Matt: The relationships we’re talking about and the trust that exists like this information isn’t in a CRM, right? You may see that you know someone, you may see that you have a history with someone. But really understanding is this someone I trust? Is this someone I’d be willing to vouch for? Is this someone I would stake my reputation on? I don’t know where that exists today, but my question to you is, will technology improve to the point, will we be able to use machine learning or AI somehow to be able to identify where those relationships truly exist with some small margin of error? right now, I’ve been deep into SmallWorld, and you go in and you rank who you know and do that personal, definition I guess. Will technology help bridge the gap there?

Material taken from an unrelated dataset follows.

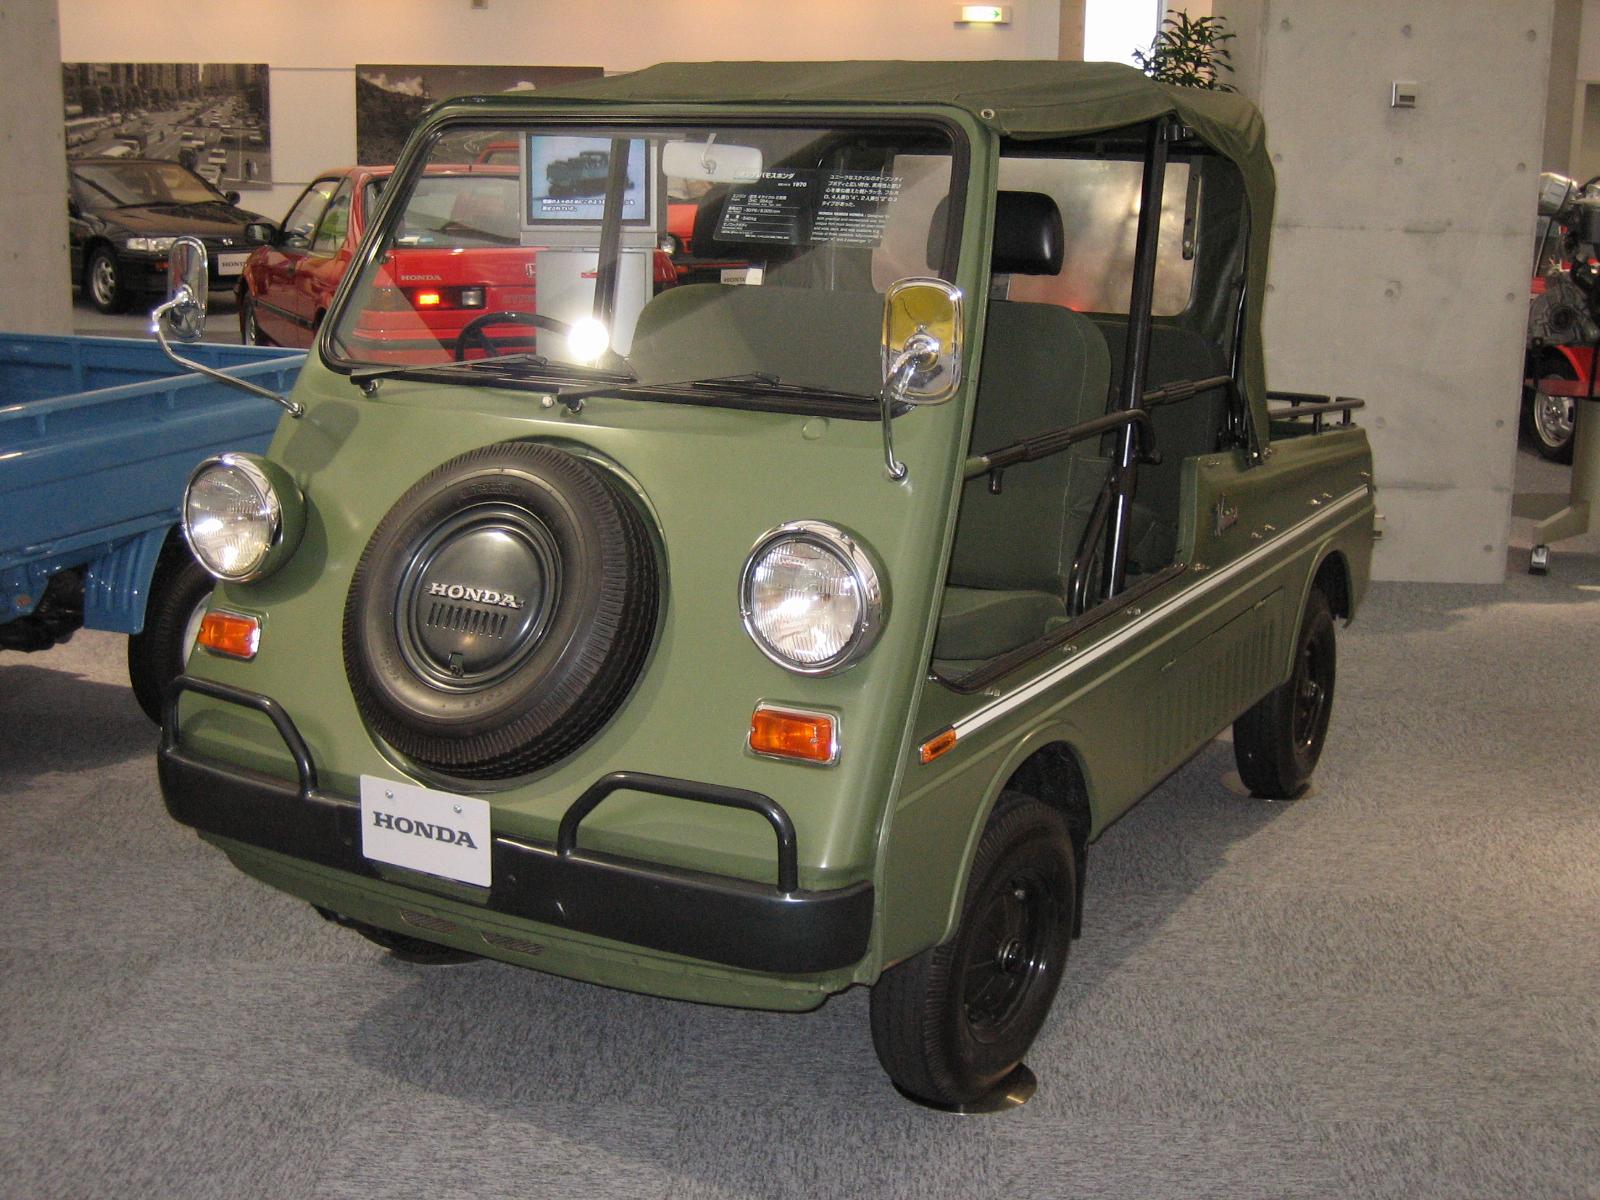 Honda Vamos - Tractor

David: It’s a tough thing because relationships are subjective. And so we’ve taken the approach that if we can make it as easy as possible for the connector to know who to rate the relationship with. So curation of those people that you might know that are important to whoever you’re making introductions for, and to make that user experience so simple that it’s a, click and, give you control.
We can assure a hundred percent accuracy with that relationship strength to where we’re actually not having to guess, and use, other data points to try to assume a relationship strength. It is, impossible to do so. Every person will, view a relationship, that they have with someone else, differently.
And so, I think you really want to combine the efficiencies of, what we can do to scale and understand who knows who at the same time, giving those connectors control also gives them the ability to know that they’re, choosing who they want to make introductions to and when.
Matt: Totally get that. the more, you talk about the efficiency of being able to do this in the time you save, not just in finding people you can, work through and with, but also eliminating the waste of people that aren’t going to be valuable for you and you’re not going to be valuable for them and vice versa.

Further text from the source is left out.